First, not all women are in a position to work from home. Second, women continue to shoulder a disproportionate share of the unpaid work at home even as we see an uptick in partners splitting household responsibilities equally. Homeschooling, the new pandemic parenting chore is also disproportionately women’s work, although father’s don’t necessarily see it that way. Today’s New York Times reports that nearly half of men say they do most of the home schooling, 3 percent of women agree.
The struggle to do it all in this moment when traditional supports are absent is taking its toll on women. Women are experiencing greater amounts of stress than men as the COVID-19 pandemic marches on. A Kaiser Family Foundation study conducted at the end of March found that the mental health of women has gotten worse since the pandemic for over half (57%) of mothers with children under the age of 18; 32% of fathers reported a similar decline in mental health - a 25% gender gap in stress that is growing larger over time.. Two weeks earlier men and women were feeling relatively similar levels of stress.

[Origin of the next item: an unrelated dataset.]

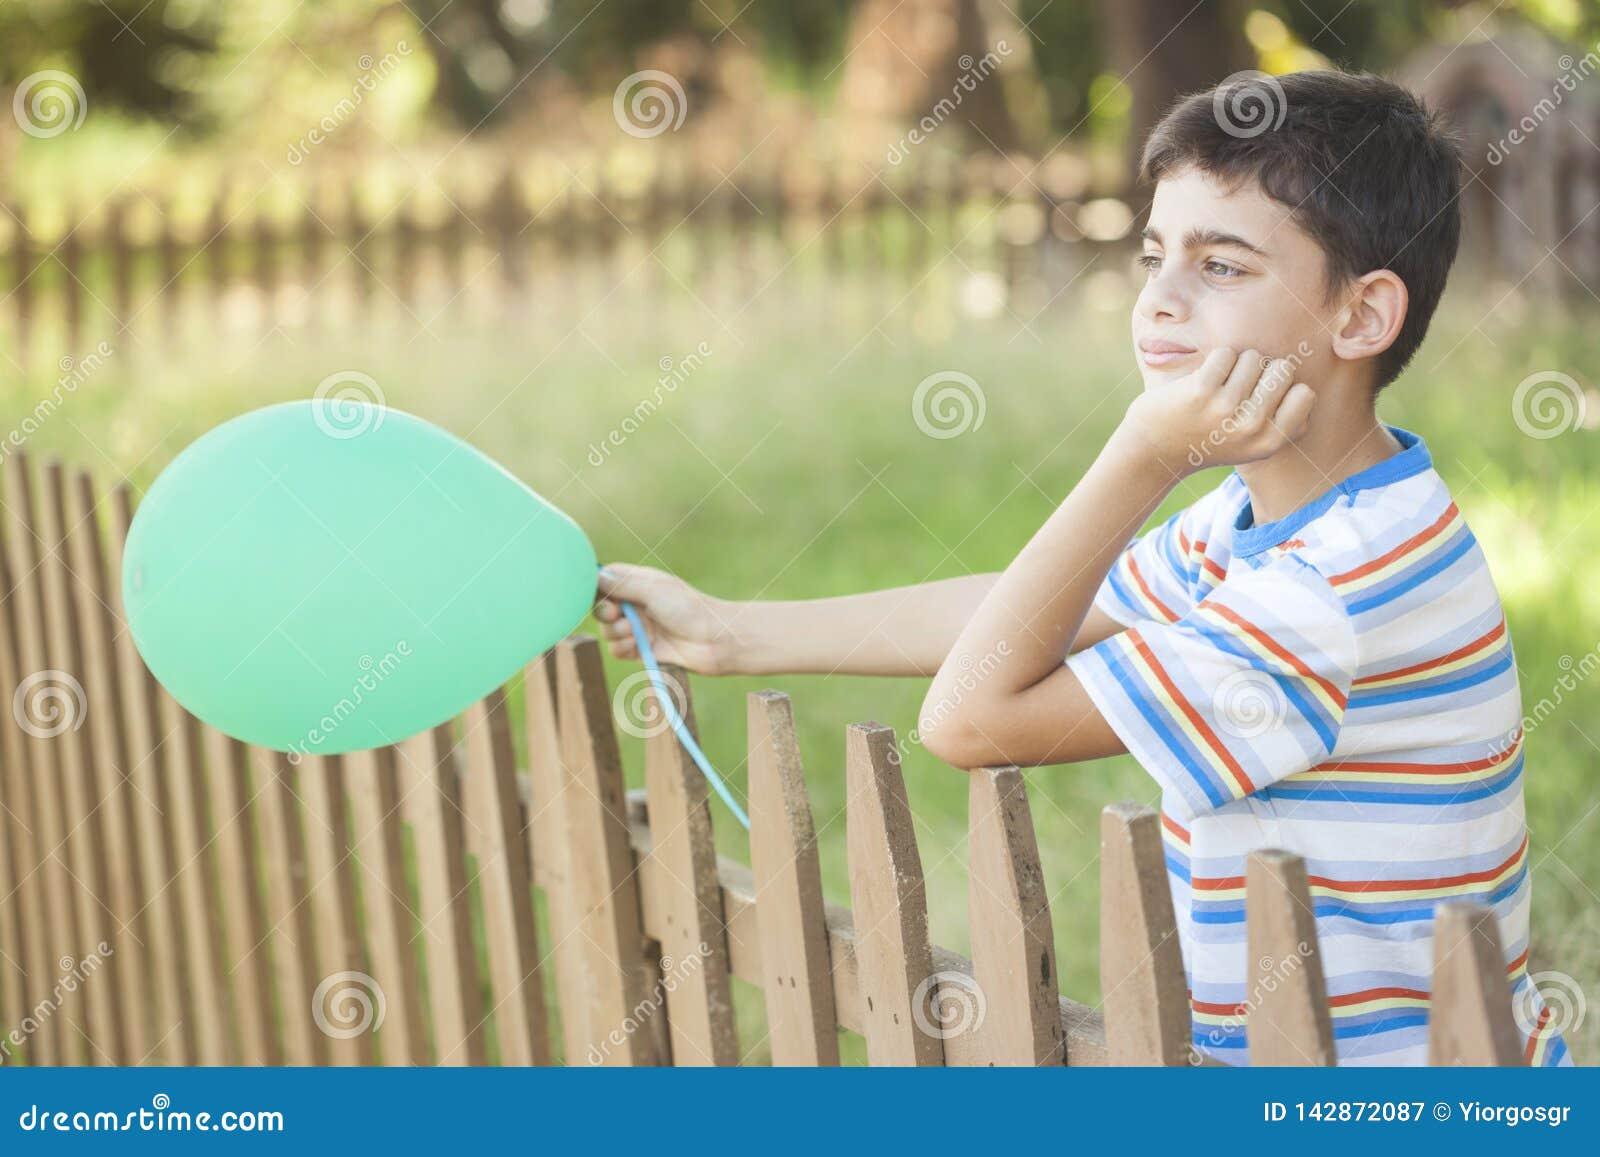 无忧无虑的童年概念

Although the data have yet to be systematically collected, there is reason to believe that motherhood penalties and fatherhood premiums may be making their way into the remote workspace. Stereotypes that women are less committed to work might become amplified in Zoom meetings when children pop in with an “urgent” request. Fathers, who have historically been seen as more committed to work when they have children might benefit when their children are on display. Catalyst executive Emily Zuckerman suggests that many women struggling with this new reality may be afraid to talk openly with supervisors for fear they will be perceived as not working or being productive enough.
There is much suffering right now and without a doubt, our first order of business is to see that the basic needs of our working moms are being met. This includes promoting policies that improve access to food, safe housing, healthcare, including reproductive health, liveable wages, paid family and medical leave, paid sick days, and workplace safety.

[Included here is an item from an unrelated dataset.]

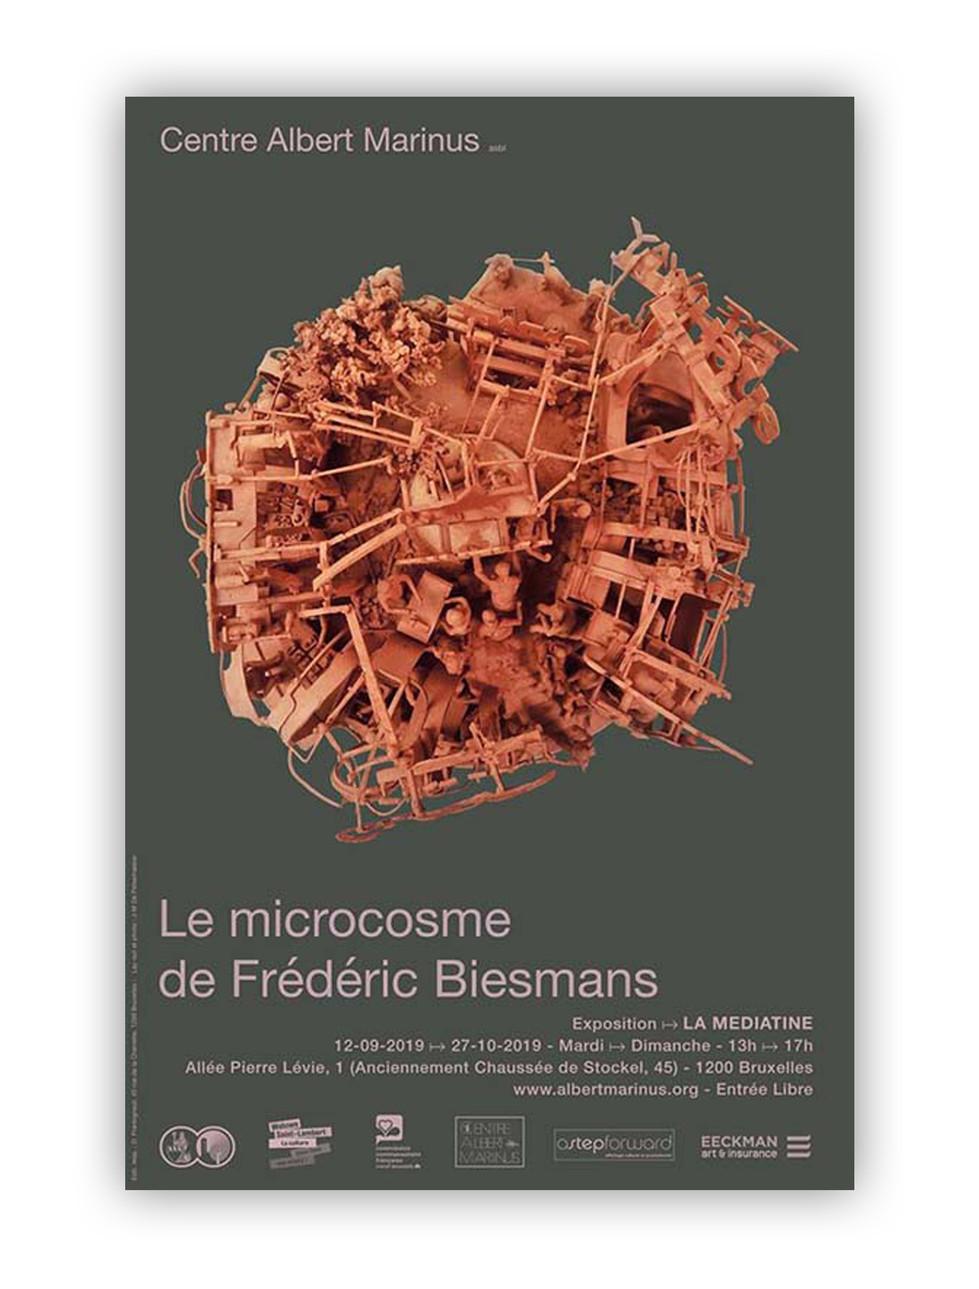 LE MICROCOSME, de Frédéric Biesmans

Can we also use this moment of pandemic disruption to challenge the conventions of work and home that are holding people back and imagine a more equitable world. Can we design our road to recovery from a working woman’s point of view?
What if workplace safety started from the perspective of the harm to a woman’s body? What changes in PPE would we make? Alyson McGregor, co-founder and director for the Division of Sex and Gender in Emergency Medicine at Brown University, argues that in our male-centric medical system we know little about how our treatment of COVID-19 affects women’s unique biology or why COVID-19 affects men and women differently. If we did, we might see better outcomes.
What if we thought about restructuring work around the rhythms of home and school? At the 2014 Denver Gender Equity Summit, the mismatch between school schedules and work schedules (especially summer) was cited among the biggest challenges or concerns for women balancing family and work. Can we imagine a system that can better accommodate the needs of employers and parents? No one size will fit all workers, but any meaningful road to recovery must rethink how we organize our days and our work weeks.
What if we used this moment to hack the household to create more equity at home and work?
When men step up at home, they can create greater equity at work, according to new research published in the Harvard Business Review. For example, fathers who are equal partners at home may be more likely to use flexible work policies and normalize it for everyone. What if we opened the door for workers to have difficult conversations with supervisors about the competing stresses of work and home with the goal of finding solutions that might work for everyone?
A more equitable future, requires nothing short of a sea change in how we think about the intersection of work and family. Let’s honor our mothers by taking one small step to create better opportunities for all. How will you support the mothers in your life to run their best race?